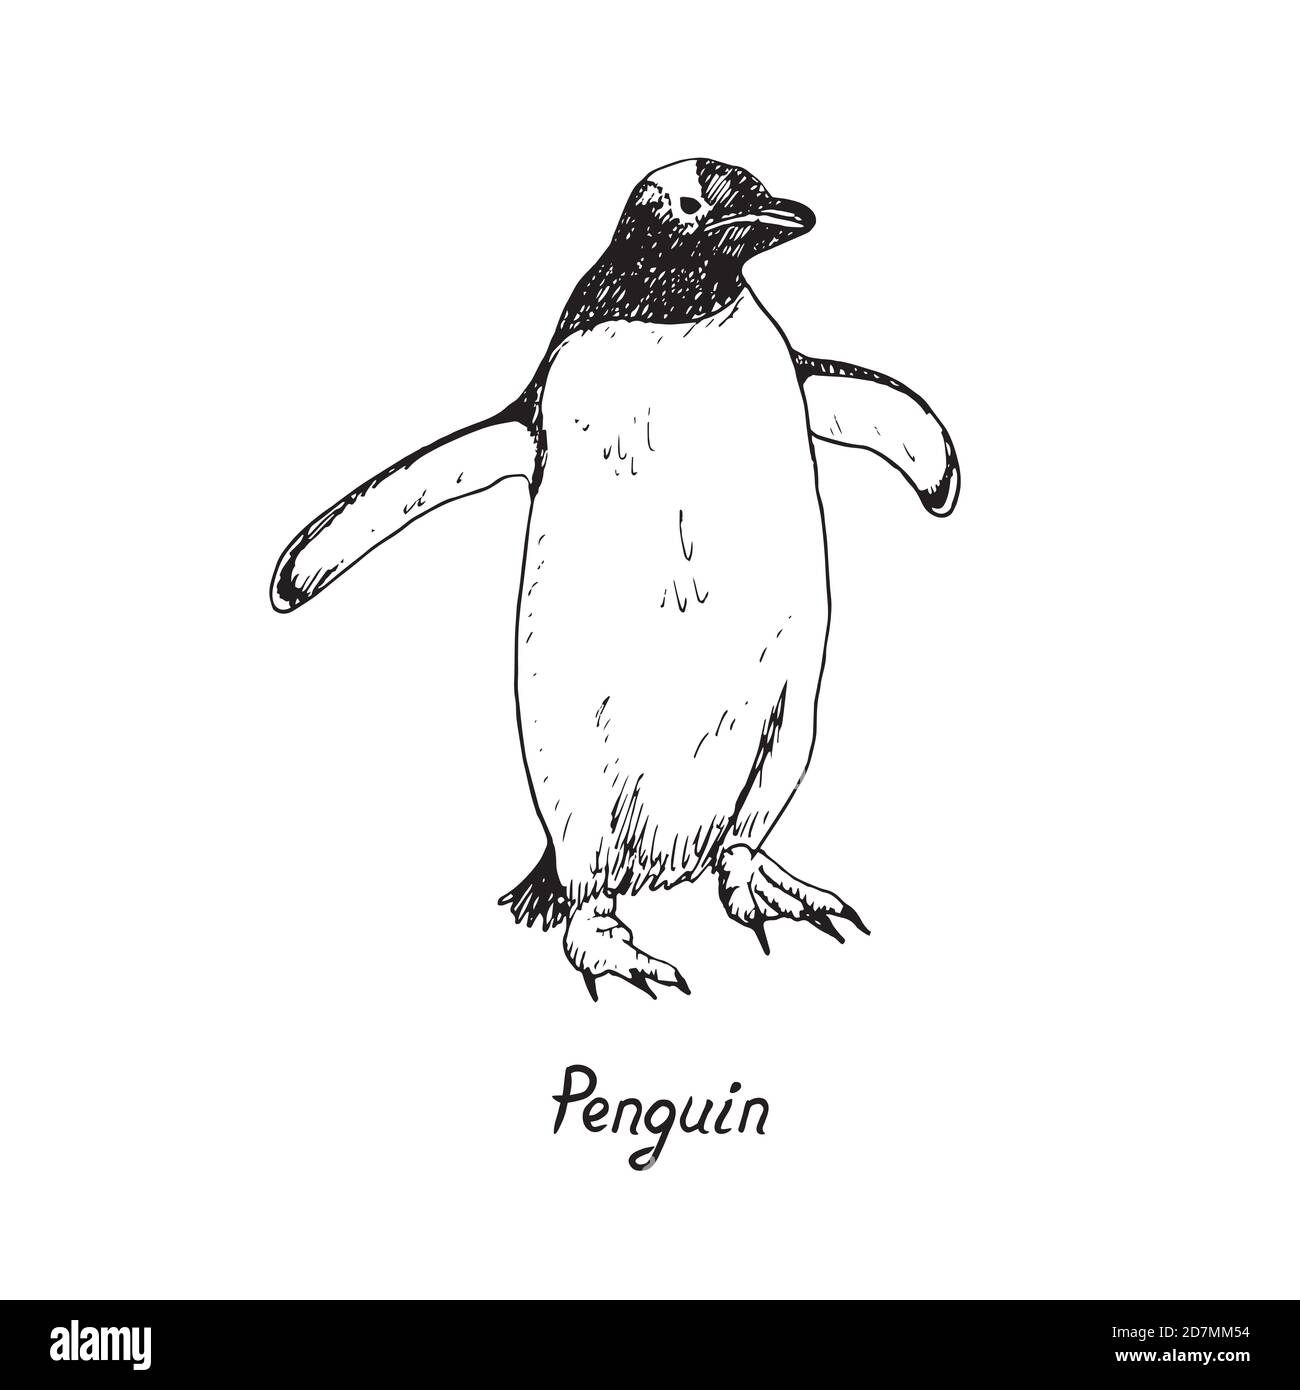 Pinguino che tiene ampie ali e camminare, doodle disegnati a mano, schizzo in stile pop art, illustrazione del contorno con iscrizione Foto Stock
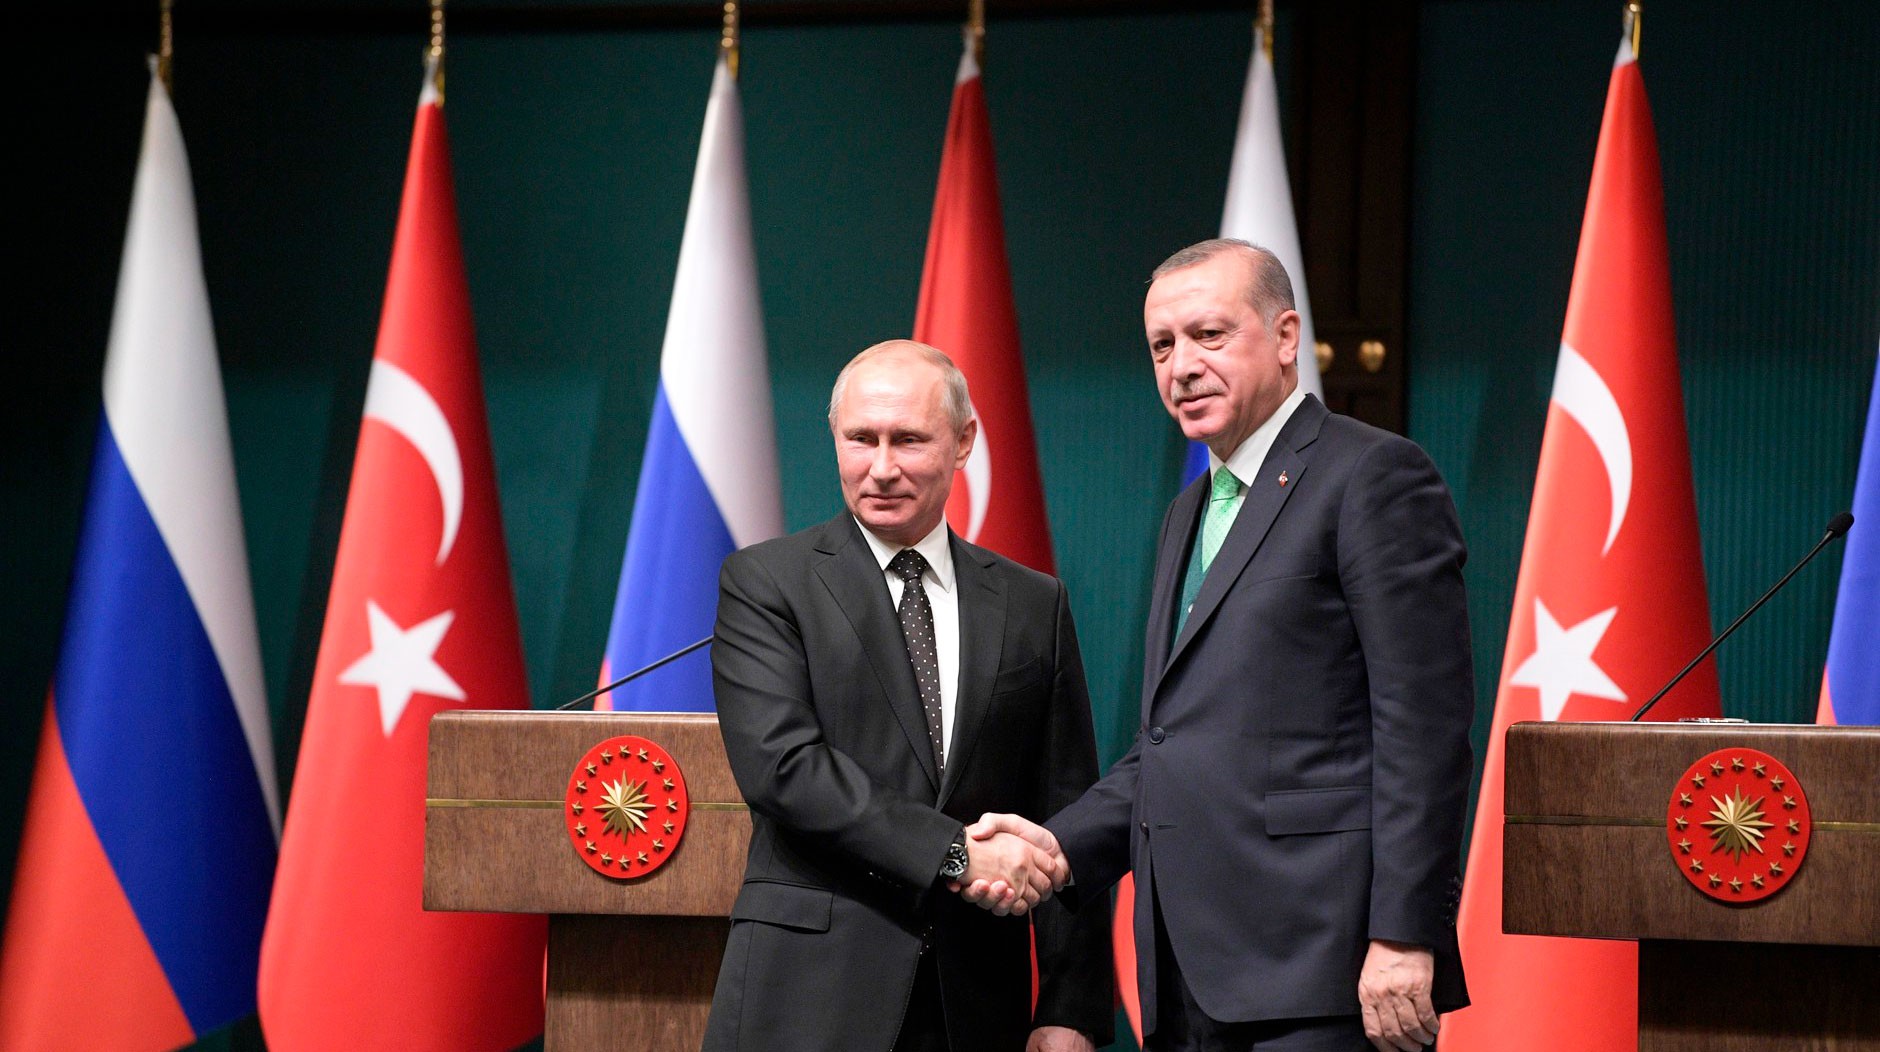 Dailystorm - Первый зарубежный вояж избранного президента: Путин поедет в Турцию
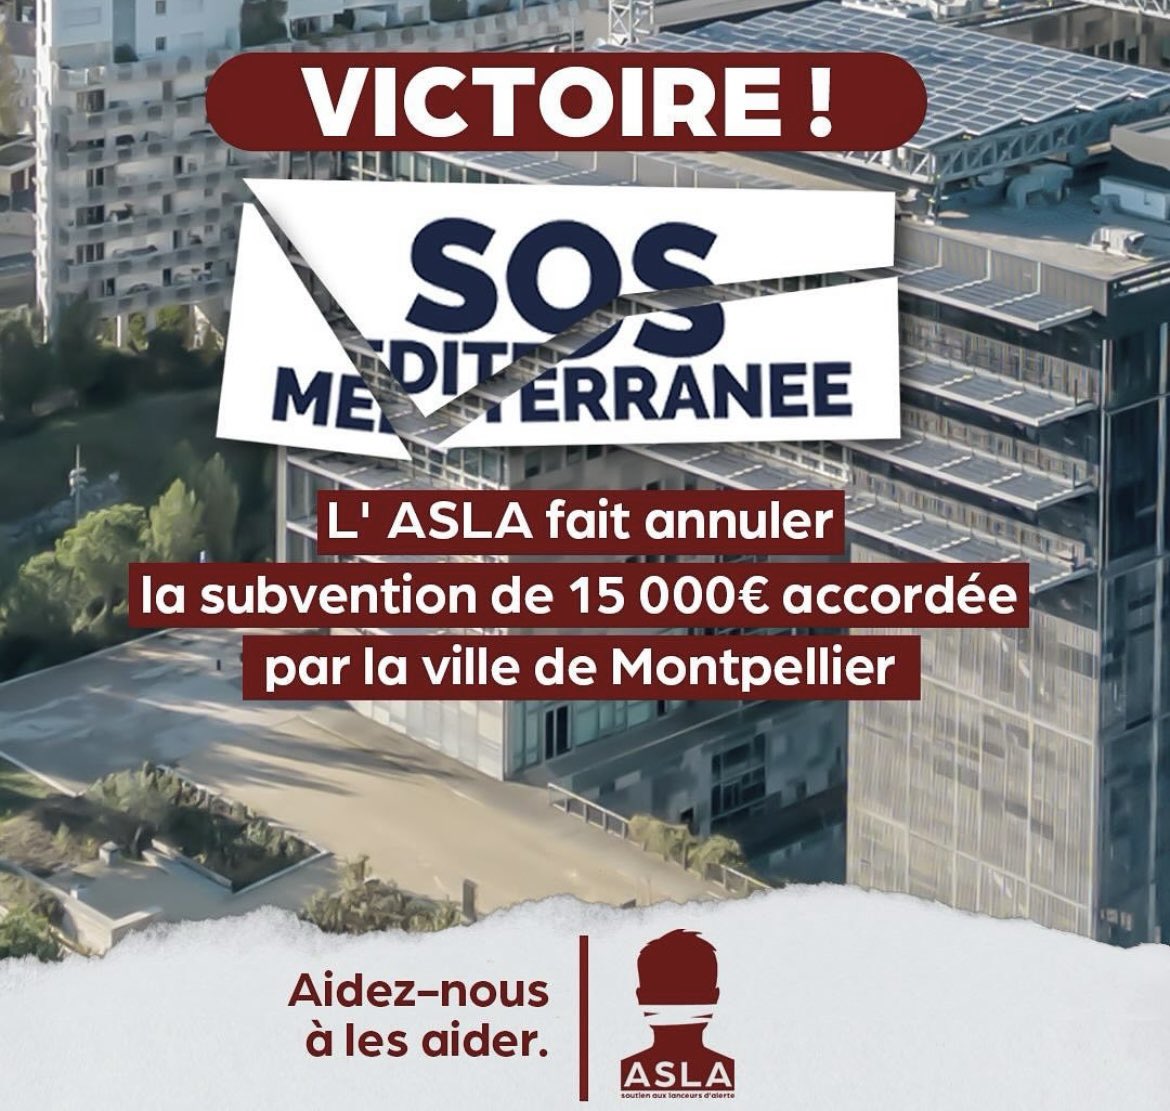 👉 Victoire pour l’ @ASLA_asso qui annonce avoir fait annuler la subvention de 15 000€ accordée à SOS MEDITERRANEE par la ville de Montpellier.

What is expected:
Without any of its pictures, the listing is to be repeated exactly as it stands.

Task solution:
 Pinguino che tiene ampie ali e camminare, doodle disegnati a mano, schizzo in stile pop art, illustrazione del contorno con iscrizione Foto Stock
 Dailystorm - Первый зарубежный вояж избранного президента: Путин поедет в Турцию
 👉 Victoire pour l’ @ASLA_asso qui annonce avoir fait annuler la subvention de 15 000€ accordée à SOS MEDITERRANEE par la ville de Montpellier.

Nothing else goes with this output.